I am planning on buying an overhead flip down screen for my sentra. I just want to know if anyone has this in their car and what is everything I need to install it.


----------



## nismoprincess (Sep 27, 2002)

just a suggestion.......an indash unit would be a much better choice then a flip down unit in such a compact car. Flip downs are made mainly for fullsize or suv's.


----------



## G_Funk013 (Jul 9, 2002)

Can I buy any indash screen and connect it to current headunit?


----------



## G_Funk013 (Jul 9, 2002)

Come on guys I need some help. Im going to bu a screen but need some answers first.


----------



## mirrortints (Aug 15, 2002)

How much money you got? You most likely can't get a screen to hook up to your current head unit, you'd need a HU with dvd capabilities. Save up your money and get an in-dash flip out unit. But...get a good one, don't get some cheap ass pyle or something like that. Pioneer, clarion, kenwood, something like that. Probably 900-1400 for one of those.


----------



## nak1 (May 17, 2002)

neither an overhead flipdown or a fold out will hook up to your factory head unit unless you have AV outs..... 
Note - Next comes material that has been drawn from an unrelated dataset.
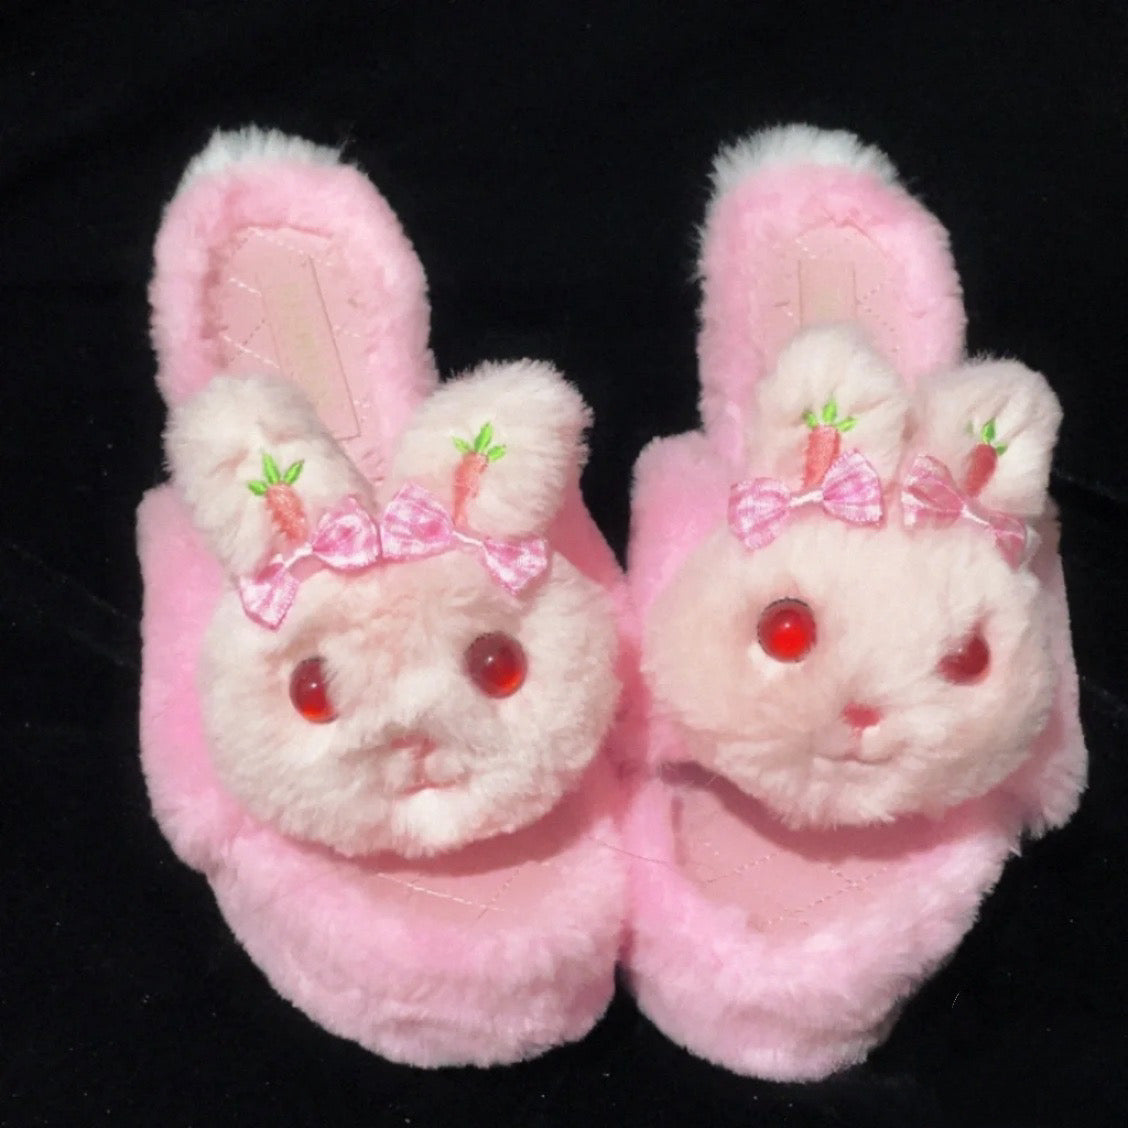 ♡ Розовый кролик ♡ - Туфли на платформе ручной работы

Correct me if im wrong. Like mirrortints said.... you will need DVD capabilities.


----------



## G_Funk013 (Jul 9, 2002)

I dont have that much money. I might put a PS2 in it. I went by Circuit City and they told me that I am going to have to get an FM Modulator to get sound. And I decided to go with an indash unit.


----------



## SentraStyleEMW (Aug 15, 2002)

If you are going with an indash flip out monitor...chances are you will not need the FM modulator. I'd say about 99% of indash monitors have at least one set of audio and video inputs. which unit did you decide on?


----------



## G_Funk013 (Jul 9, 2002)

SentraStyleEMW said:


> *If you are going with an indash flip out monitor...chances are you will not need the FM modulator. I'd say about 99% of indash monitors have at least one set of audio and video inputs. which unit did you decide on? *


Thats what I thought. I havent decided on which one I am going to get yet, since Christmas is coming I am going to have to put it on hold.


----------